# To do
Everything from the line holding "POSTFACH PEAK, NORTH" through the last line of the data, and nothing else, should be retyped exactly, with no pictures.

# Source material
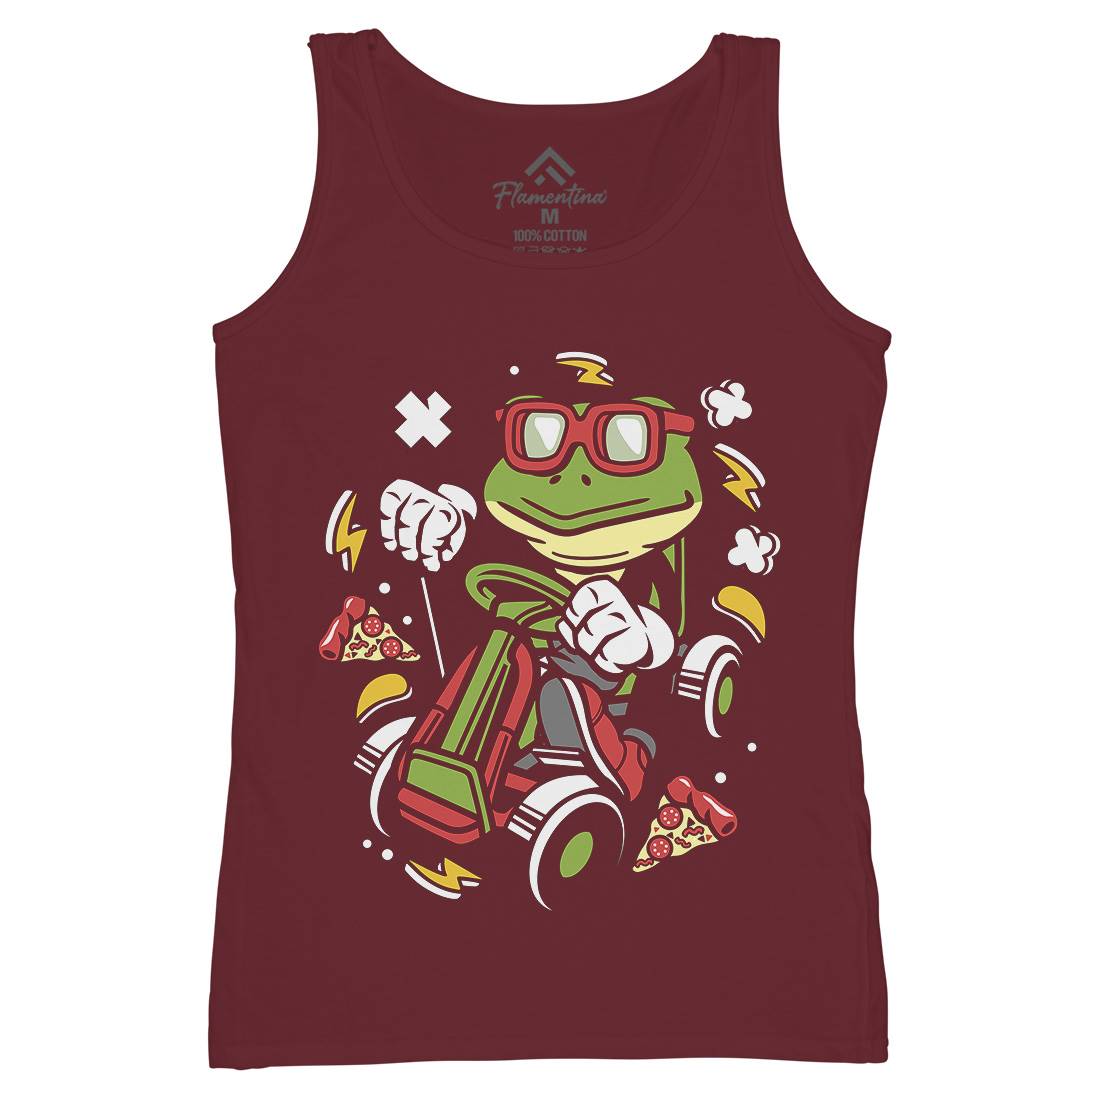 Frog Go-Kart Racer Womens Organic Tank Top Vest Sport C549
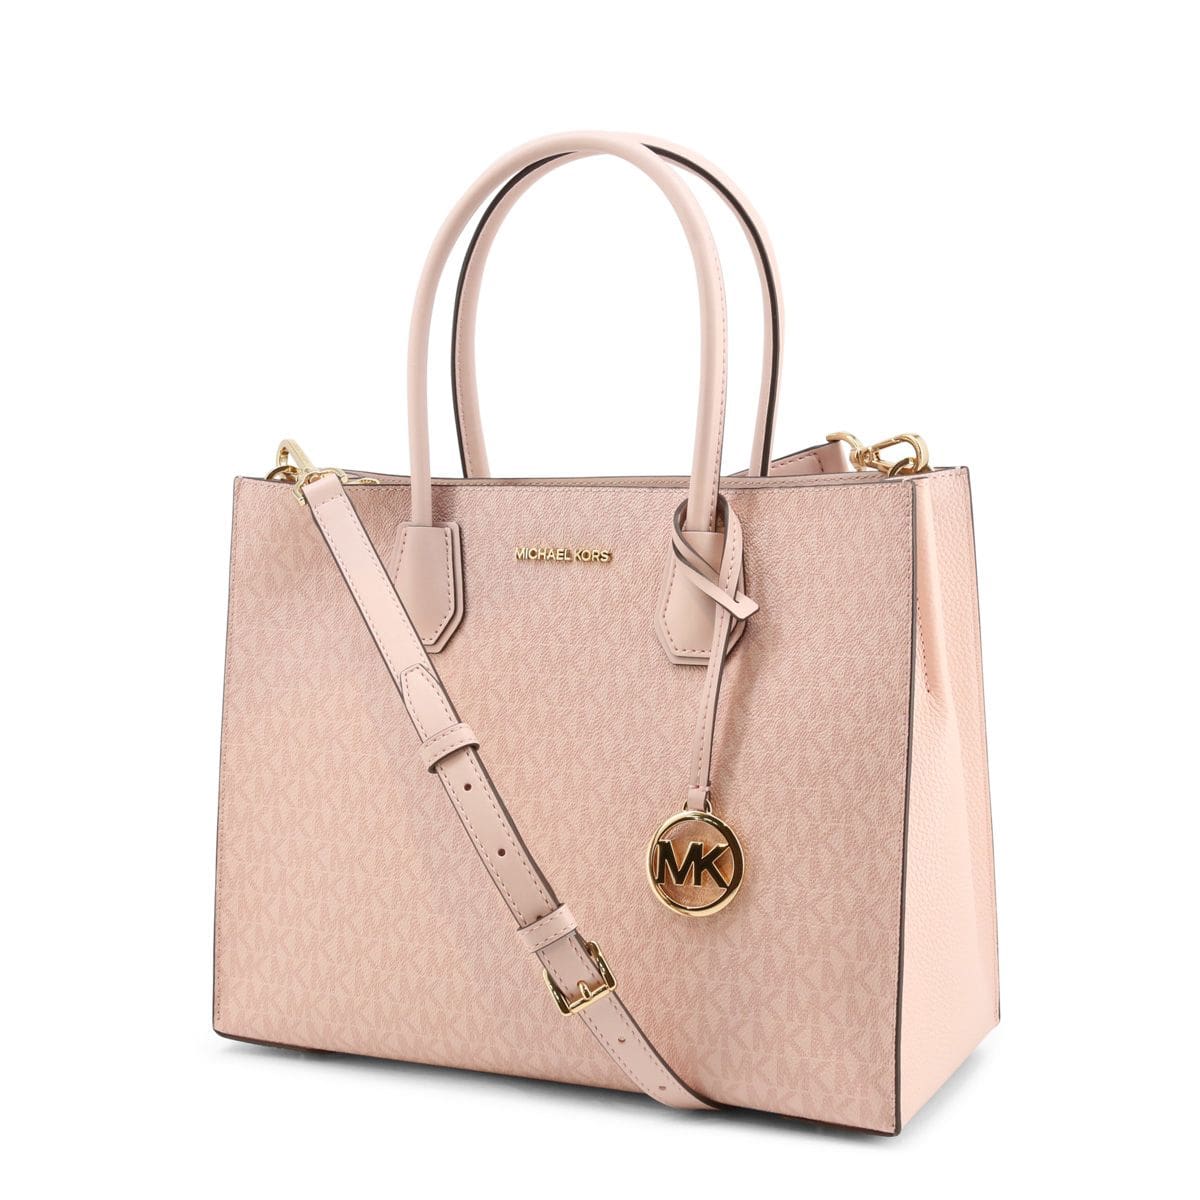 Michael Kors Pink Top Handle Bag - Mercer_35T2Gm9S3B 1
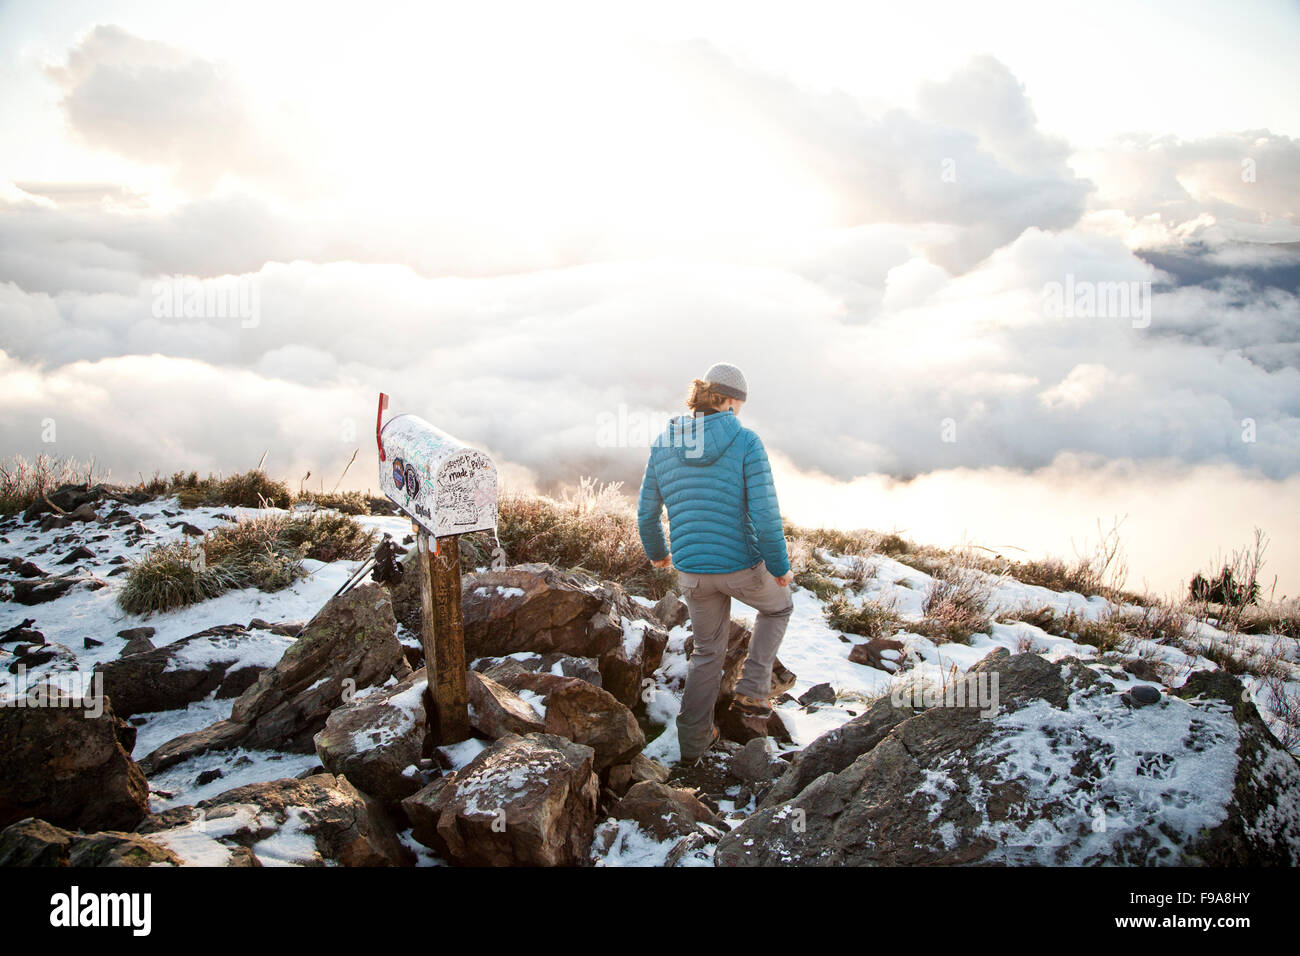 POSTFACH PEAK, NORTH BEND, WASHINGTON, USA. Eine junge Frau in eine Krickente Daunenjacke Wanderungen zwischen schneebedeckten Felsen und in der Nähe ein Postfach an der Spitze eines Berges. Stockfoto
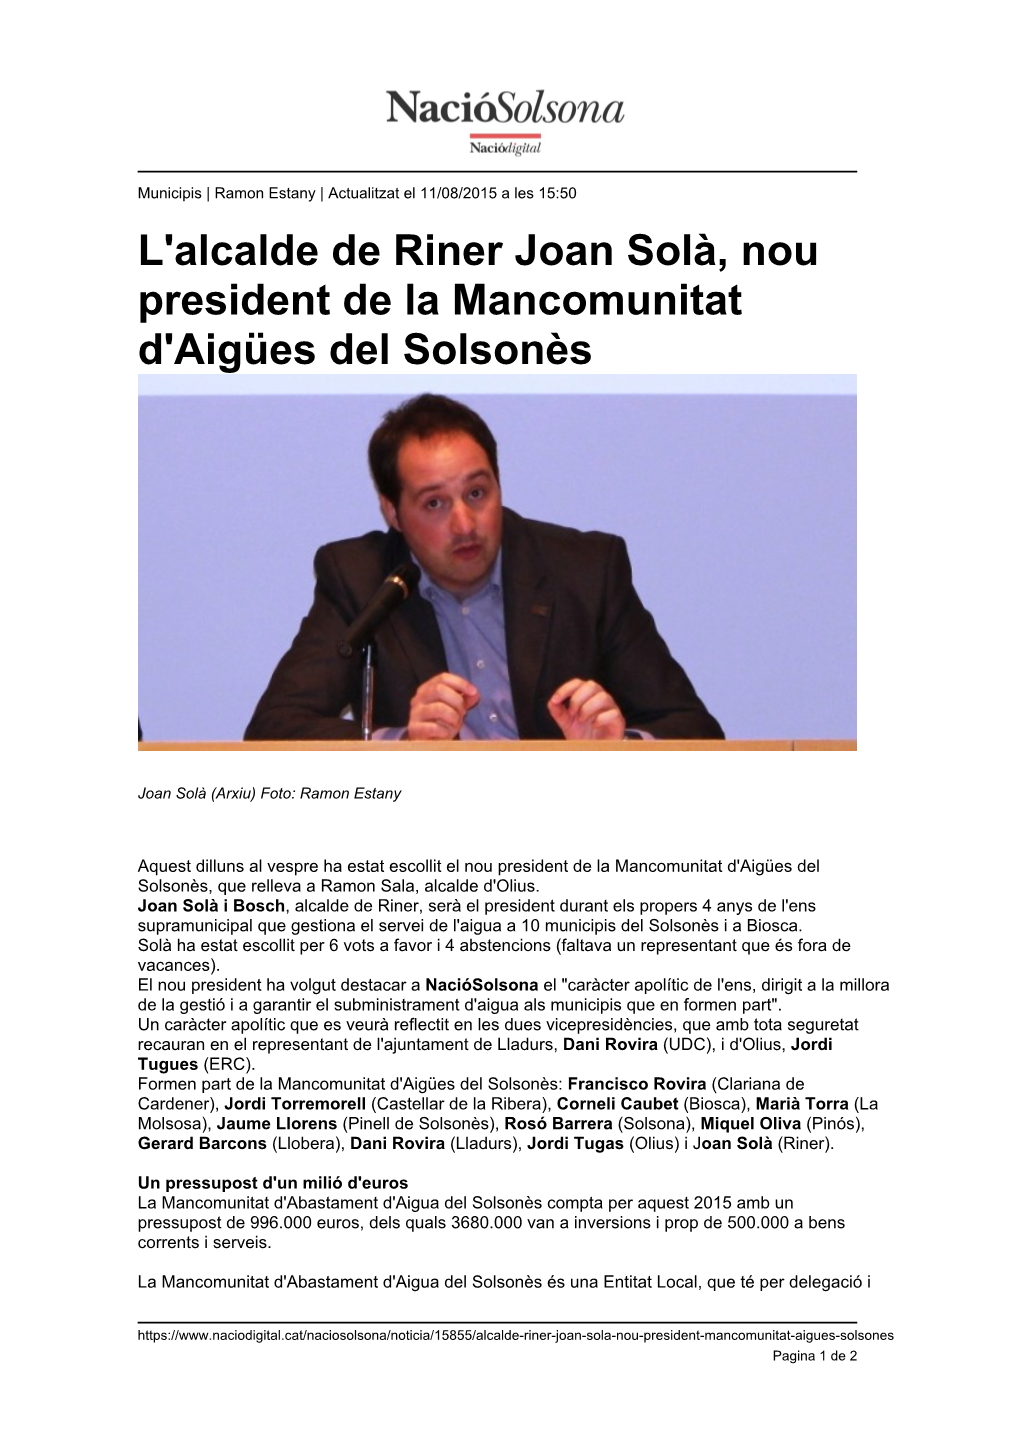 L'alcalde De Riner Joan Solà, Nou President De La Mancomunitat D'aigües Del Solsonès

# Solution to this exercise
 POSTFACH PEAK, NORTH BEND, WASHINGTON, USA. Eine junge Frau in eine Krickente Daunenjacke Wanderungen zwischen schneebedeckten Felsen und in der Nähe ein Postfach an der Spitze eines Berges. Stockfoto
 L'alcalde De Riner Joan Solà, Nou President De La Mancomunitat D'aigües Del Solsonès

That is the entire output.